= RanGAP =

RanGAP is a protein involved in the transport of other proteins from the cytosol to the nucleus in eukaryotic cells.

In model species such as the yeast Saccharomyces cerevisiae, the primate Homo sapiens (See RANGAP1) and the plant Arabidopsis thaliana, it acts as a GTPase-activating protein, catalysing the conversion of cytosolically-bound RanGTP to RanGDP. It has the opposite function of the RCC1, a nuclear-located protein that converts RanGDP to RanGTP. Together, RanGAP and RCC1 maintain what is known as the ran gradient, where RanGDP is in higher concentrations in the cytosol, while RanGTP is in higher concentrations in the nucleus. It is this ran gradient which provides the energy necessary for the transport of proteins into and out of the nucleus by karyopherin proteins.

==Location in cell==
In mammalian and plant cells, RanGAP is located at the nuclear envelope during interphase.

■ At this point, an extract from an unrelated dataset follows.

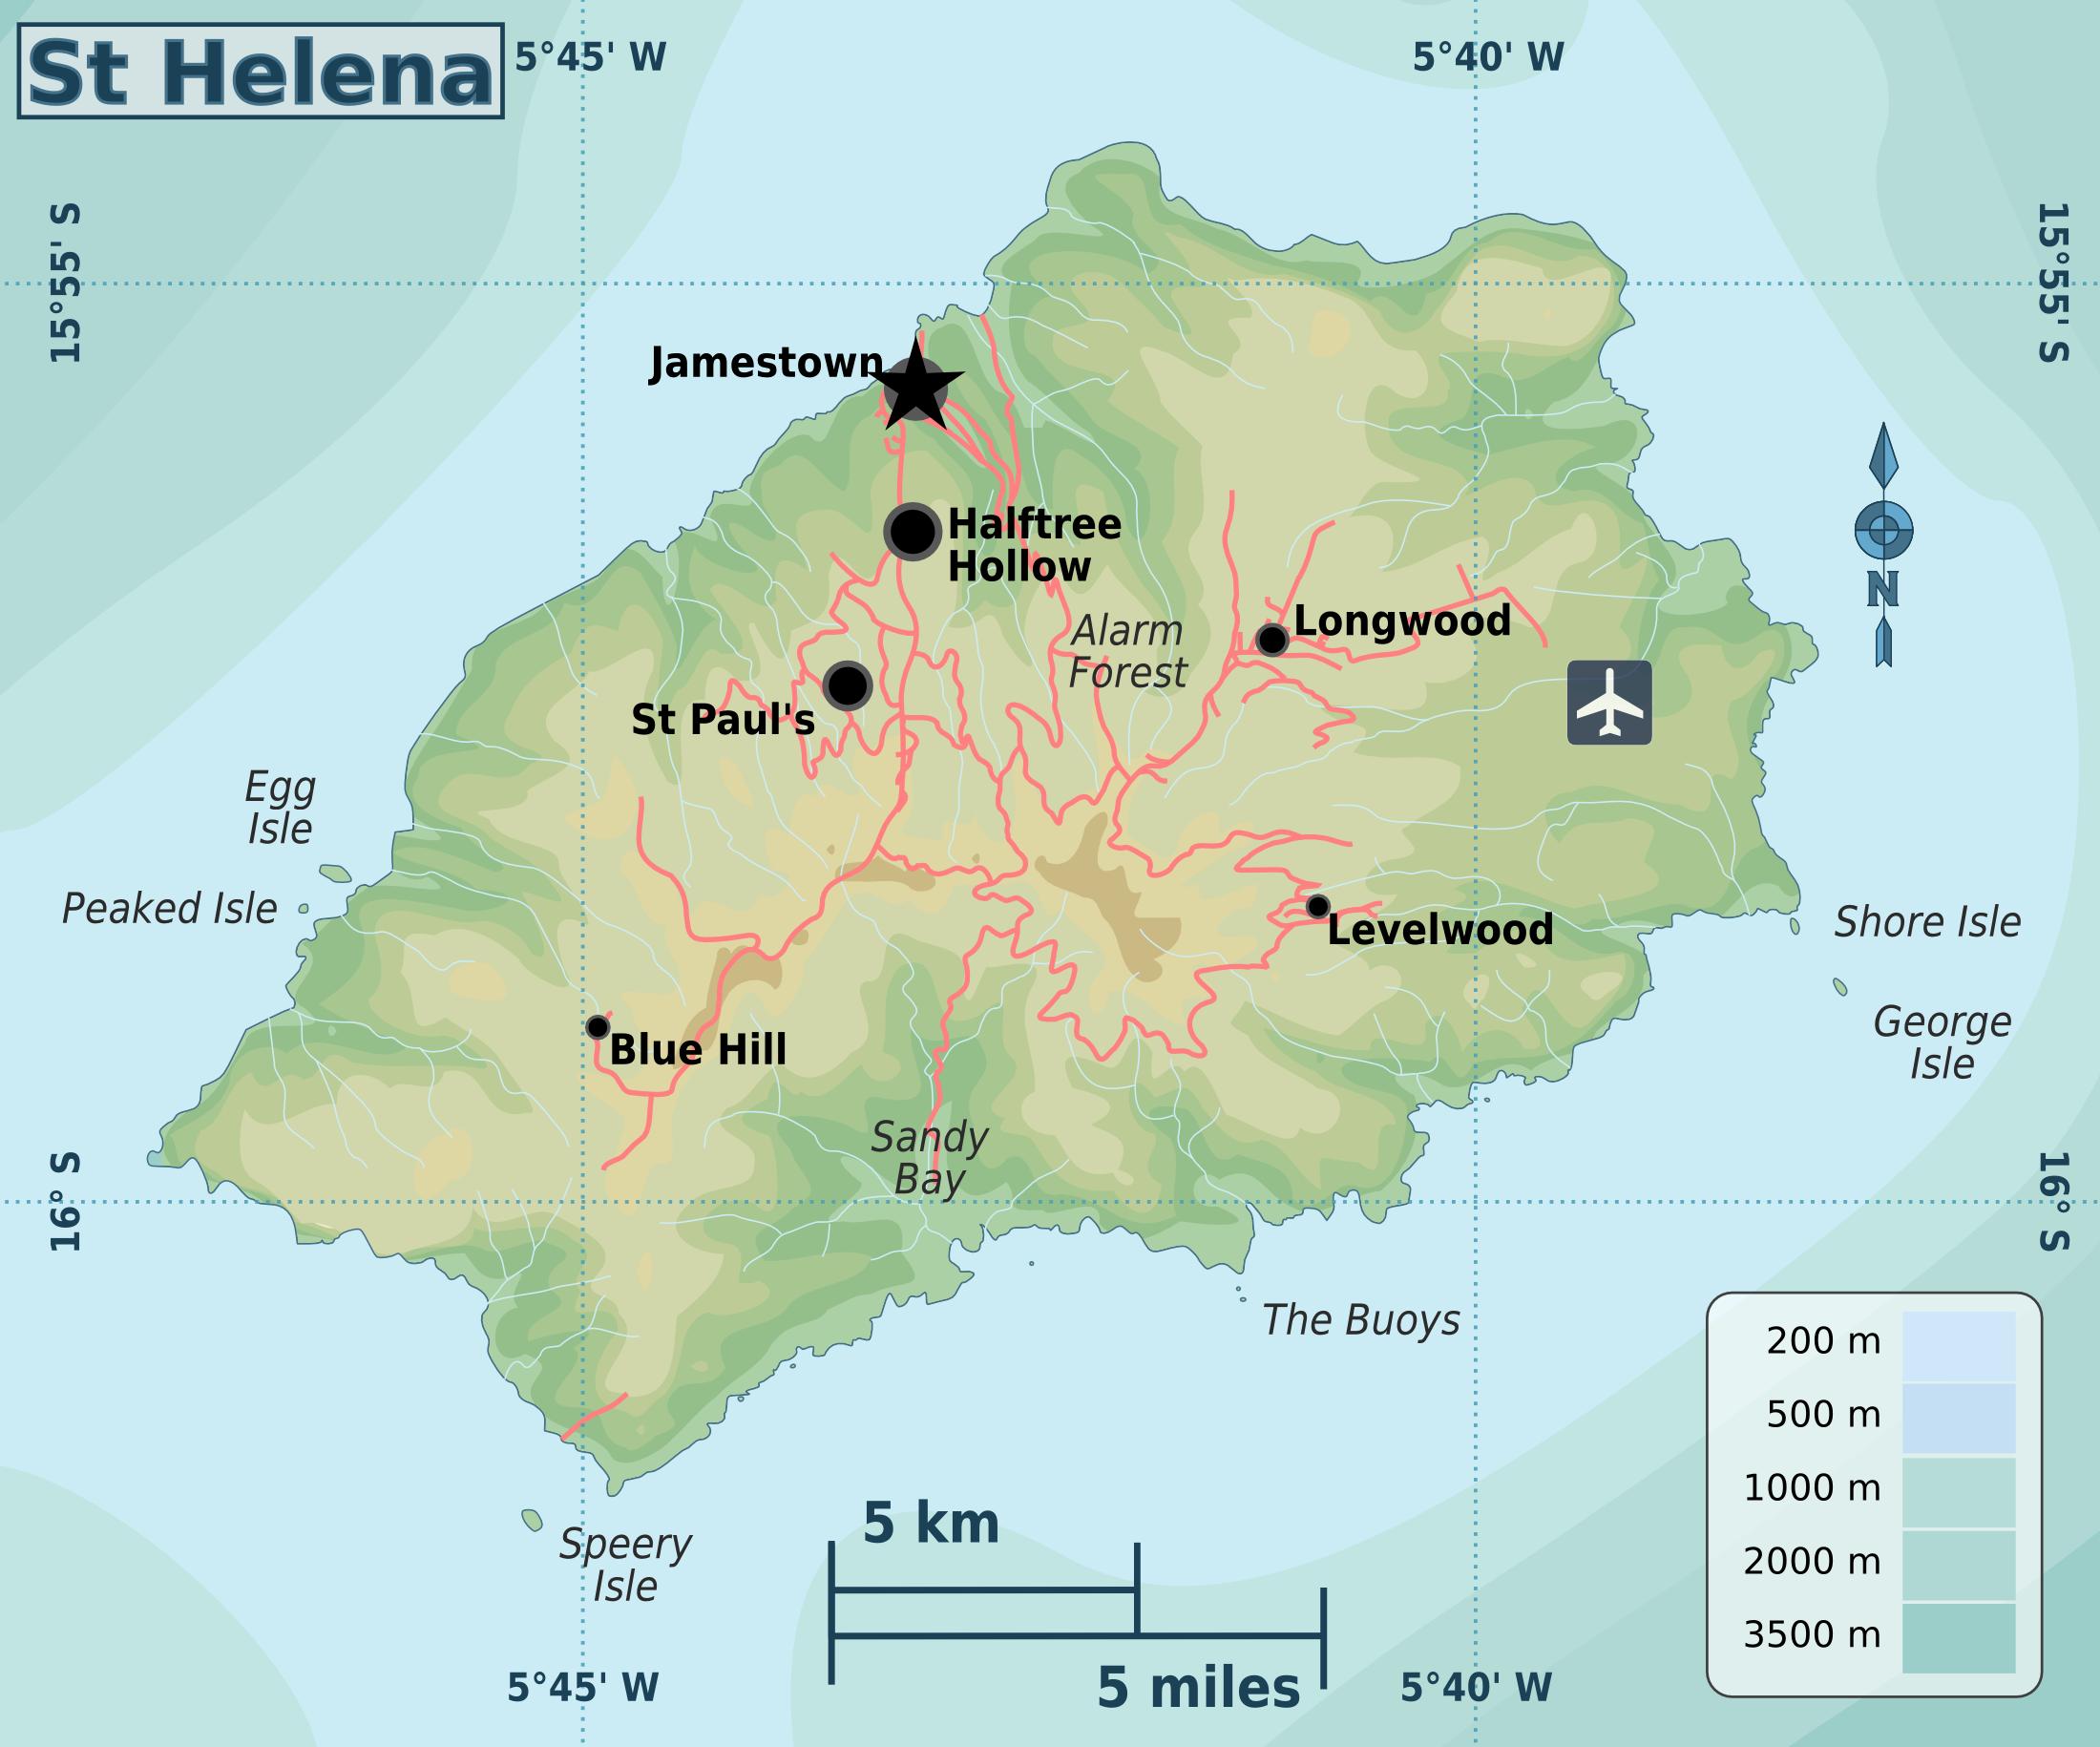 File:Saint Helena regions map.png – Travel guide at Wikivoyage on dominican republic map, samoa map, mayotte map, saint colorado springs map, saint jerome map, south helena map, st. johns river fishing map, seychelles map, helena street map, cape verde map, reunion map, mozambique map, st. helena california map, tuvalu map, saint michael map, tensas map, madeira map, senegal map, tokelau map, nauru map,

Animal RanGAP is bound to the nuclear pore component RANBP2 (Nup358). Plant RanGAP proteins do not contain the protein domain necessary for association with Nup358 but are targeted to the nuclear rim by the plant-specific WPP domain. In contrast to plant and animal cells, yeast RanGAP is located in the cytosol.

==RanGAP and the origin of eukaryotes==
Together with RCC1 and components of the nuclear pore, RanGAP has been suggested to have evolved at the origin of eukaryotes.